Being a picky eater has become somewhat of a staple in American childhoods, with up to an astonishing 50% of children nationwide being reported as picky eaters by their parents or caregivers. It can be frustrating to have to deal with fussy eating, especially when your kids say they want macaroni and cheese or chicken nuggets for the third time that week.
To understand the best ways to combat picky eating, we consulted Leah Roethel, a mom and registered dietitian who currently works at the Fargo VA and specializes in many types of nutrition therapy. Leah was recently a guest on our podcast and gave us the inside scoop on dealing with even the pickiest of eaters.
Variety is Key
One of the top pieces of advice that Leah gave is to offer a wide variety of foods to your children.

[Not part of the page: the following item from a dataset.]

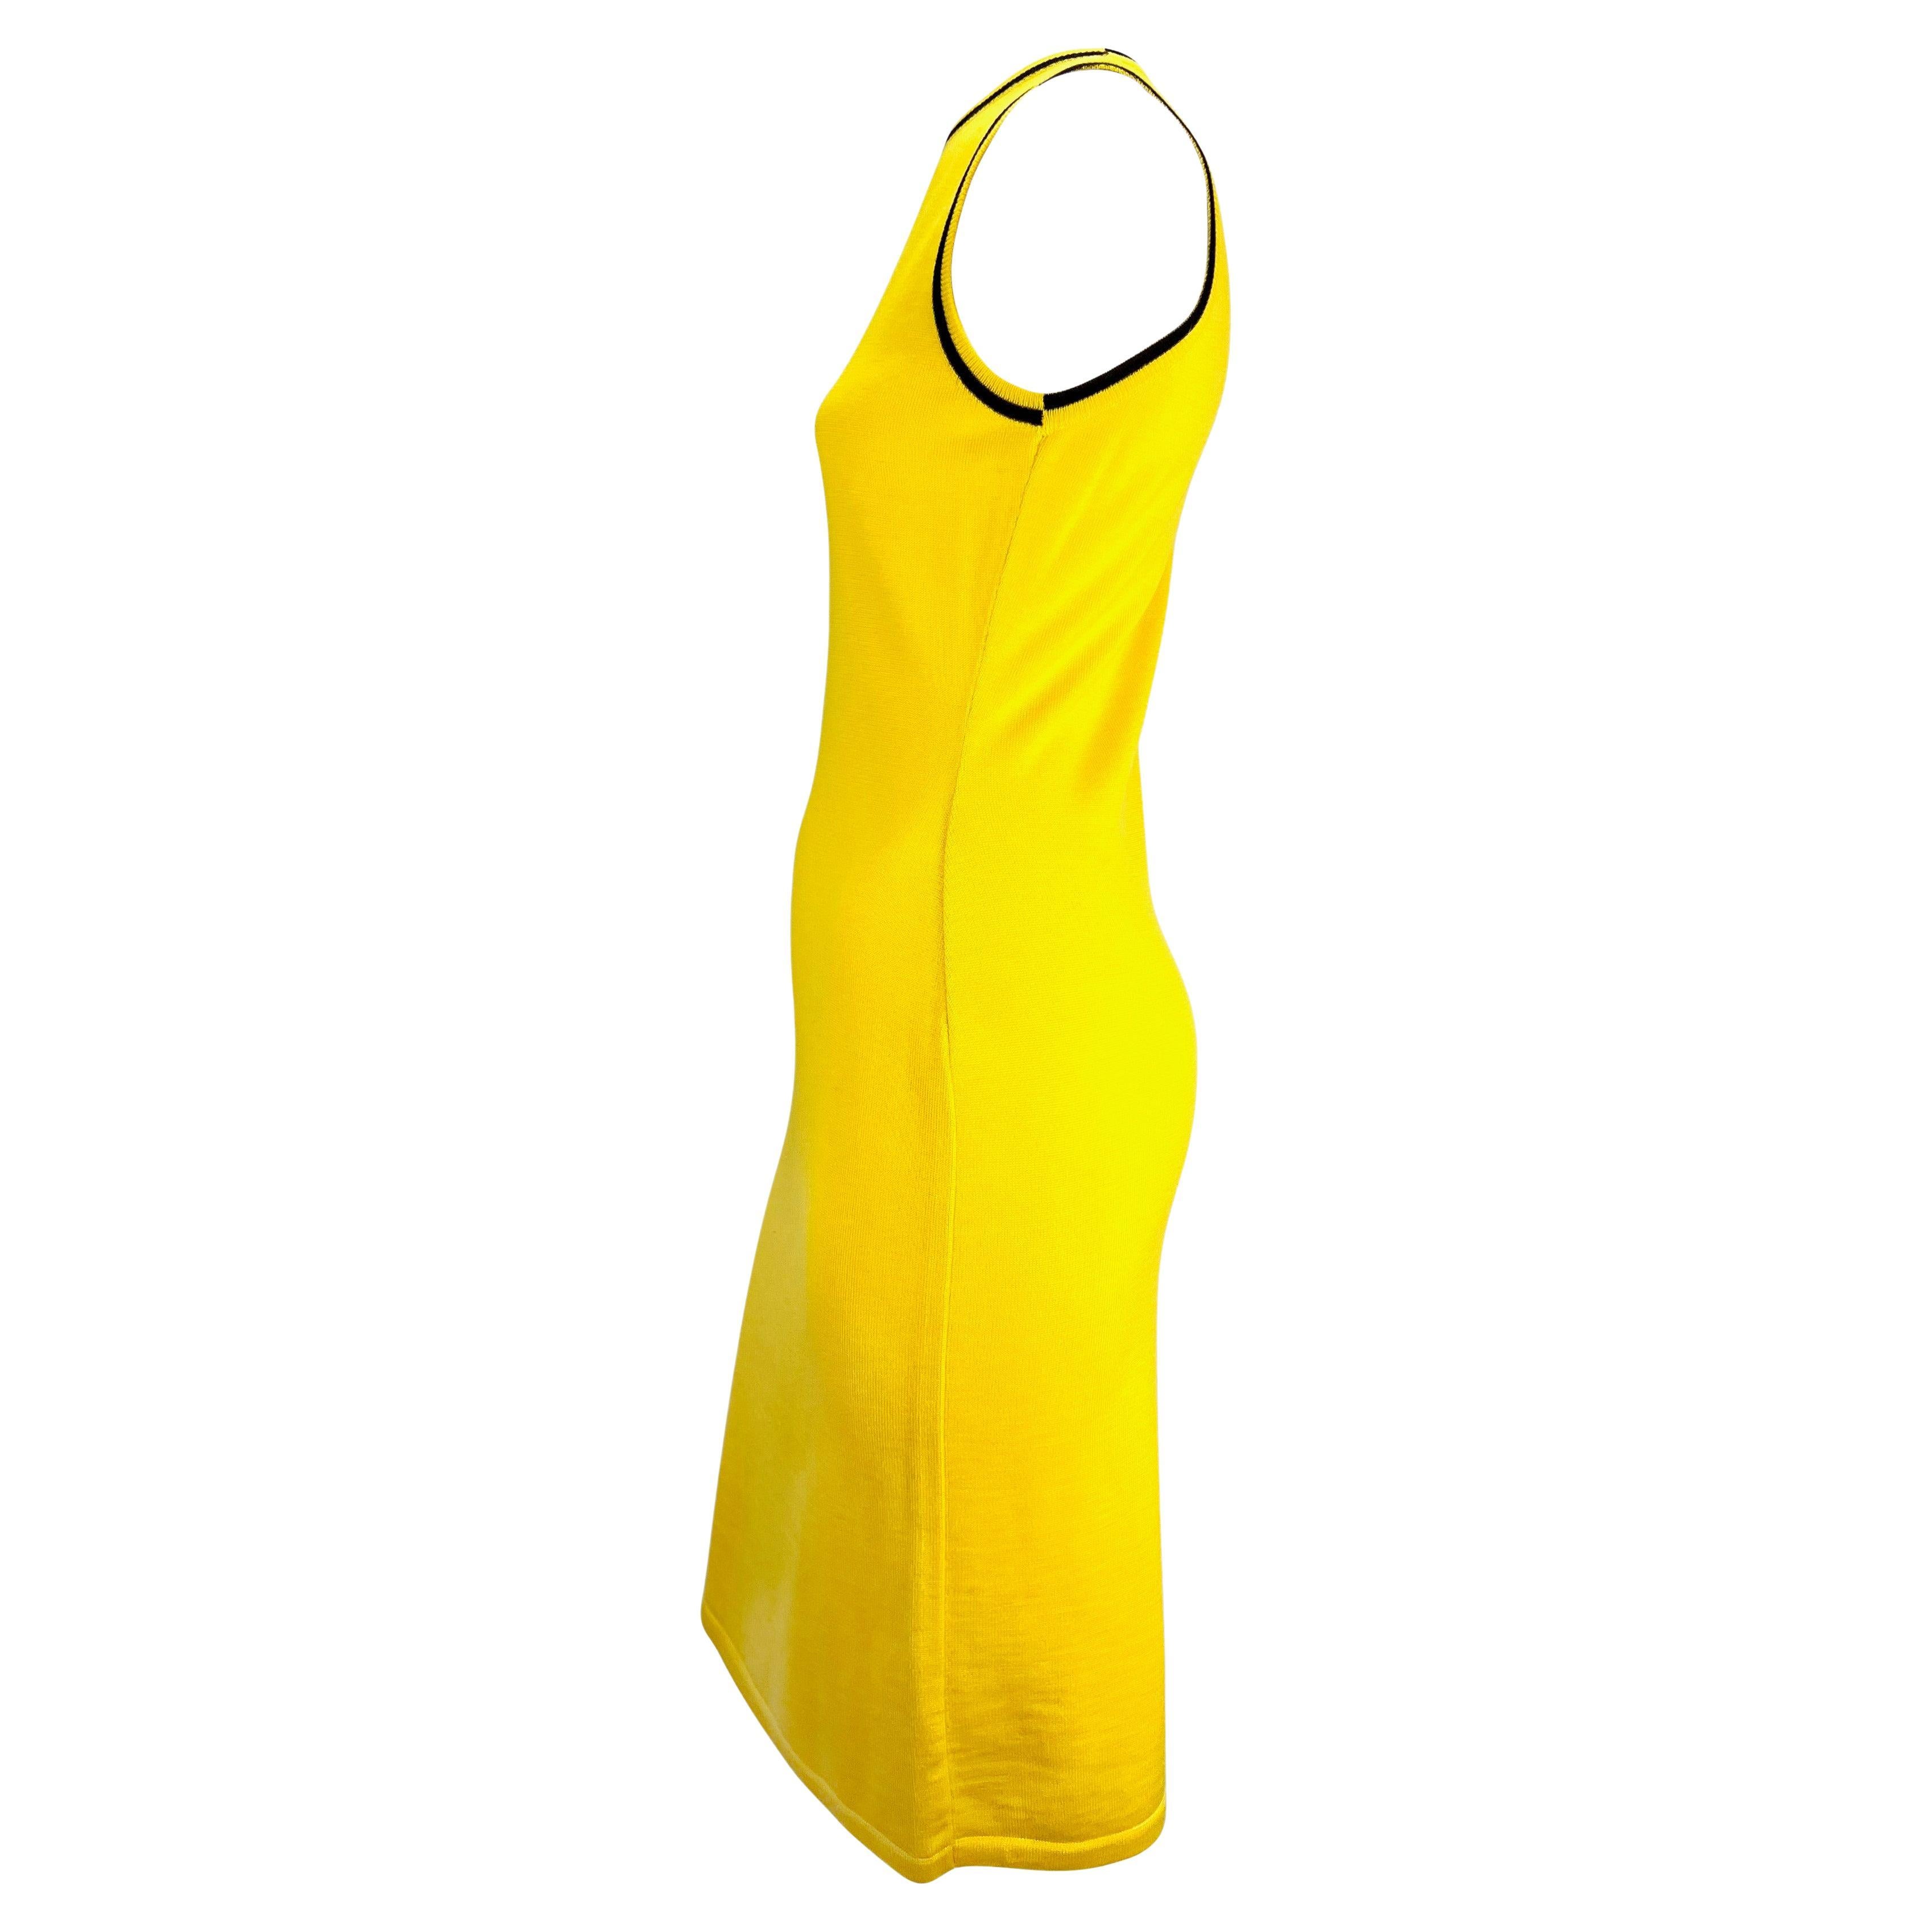 Présentation d'une robe sans manches en maille jaune canari de Gianni Versace. Datant de la fin des années 1990, cette robe élégante et formulée entièrement en laine tricotée est ornée d'une bande noire autour de l'encolure et des emmanchures. D'une

By exposing your kids to a large variety of food on their plates, they are more likely to eat different things, even if it's just little bits at a time. Any progress is good progress! Remember, they eat 0% of what is on the plate, so simple exposure can make a world of difference.
While putting foods on the plate that your kids might not eat at first can seem like a waste, remember that you don’t have to create completely new meals every time! Introduce new foods with things that your child is comfortable with and likes to eat. Cooking a meal that you know your little one really likes and adding something that you are trying to expose them to can create a non-stressful eating environment and take away any potential pressure on your child to eat that new piece of food. If you're worried about the time factor, try weekly meal prepping!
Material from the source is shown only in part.